Ее сердце болезненно сжалось при воспоминании о том, как они любили друг друга тогда, давно. Возможно, ей следовало радоваться тому, что им выпал еще один шанс, но она не радовалась. Она была несчастной, завистливой и - да-да! - мстительной. Пустота у нее в груди казалась такой безысходной что ей трудно было глотать. Она не сможет даже сочинить по этому поводу для подруг забавную историю с язвительным поворотом сюжета в конце, потому что происходящее слишком больно ранило ее.

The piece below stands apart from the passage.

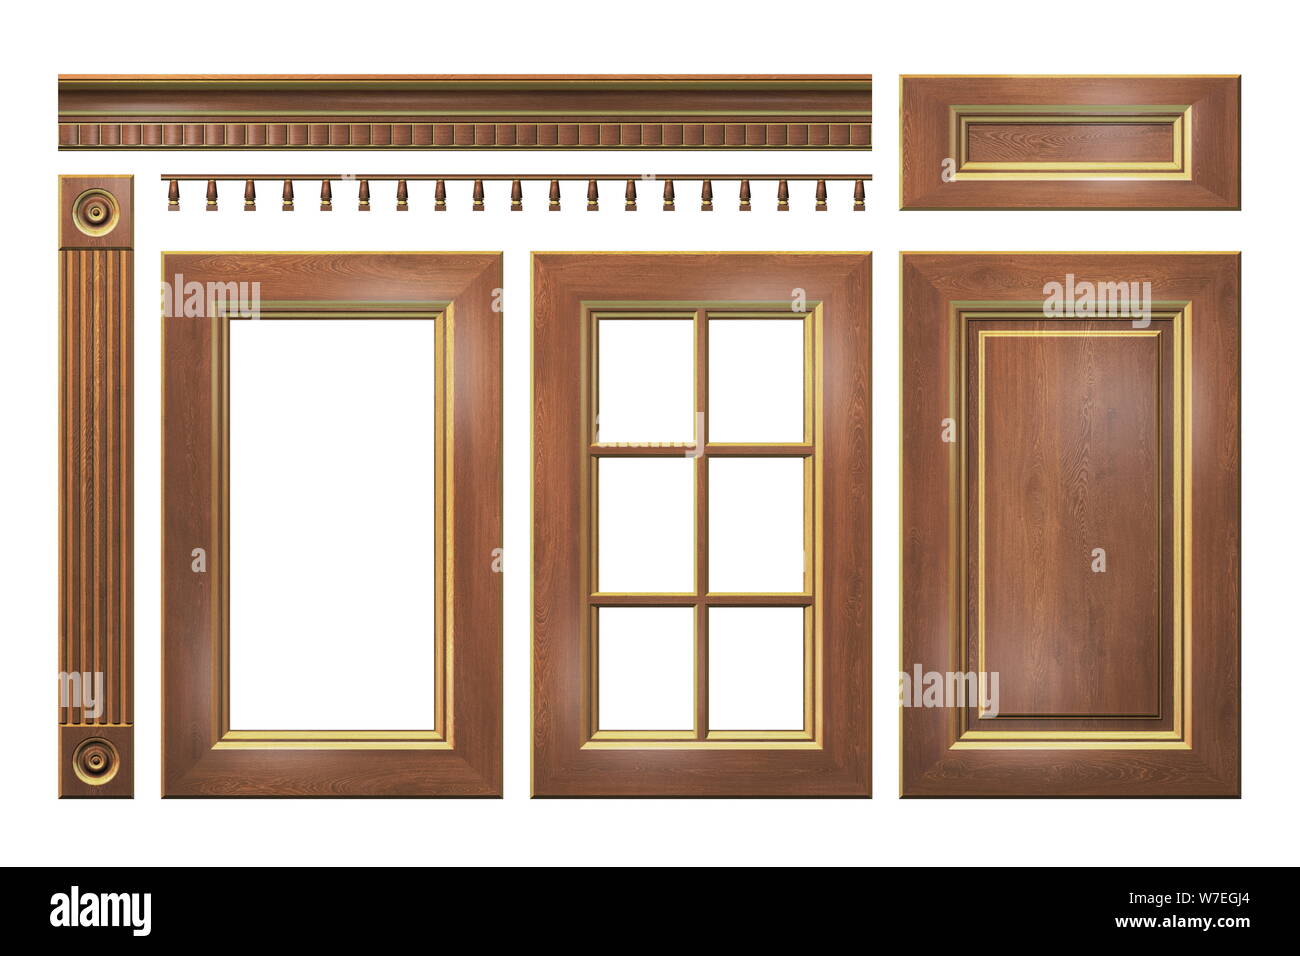 Porte en bois avec de l'or, tiroir, colonne, corniche pour meuble de cuisine isolated on white Banque D'Images

Маффин отхлебнула глоток шампанского, несмотря на то, что вкус его показался ей вкусом обезьяньей мочи, и к тому моменту, когда она осушила бокал и со стуком поставила его на алебастровую каминную доску, боль немного притупилась. Браслет, свободно свисавший с запястья, повернулся бриллиантами кверху, и вид драгоценных камней значительно улучшил ей настроение,
Она мрачно улыбнулась собственным мыслям. Что ж, на каждую собственную неприятность найдется чужая, не так ли? Не встретиться ли ей с женихом Софи, Клодом? Ведь он теперь свободный человек.
Софи смутно различила его - он направлялся к оконечности мола длиной в полмили, она разглядела высокую сутулую фигуру, несмотря на окутывавший все вокруг густой утренний туман. Мифический великан, выступающий из клубов тумана, он казался самым одиноким существом, какое ей доводилось видеть.
Зыбкие, аспидно-серые волны, обрамленные бело-голубой пеной, окружали его. "Словно море печали, - подумала она. - Вот как следовало бы называть это место, а не Ньюпорт-Бей". Морские чайки сидели на скалах, ожидая, когда солнце взойдет над горизонтом и высушит их промокшие холодные перья.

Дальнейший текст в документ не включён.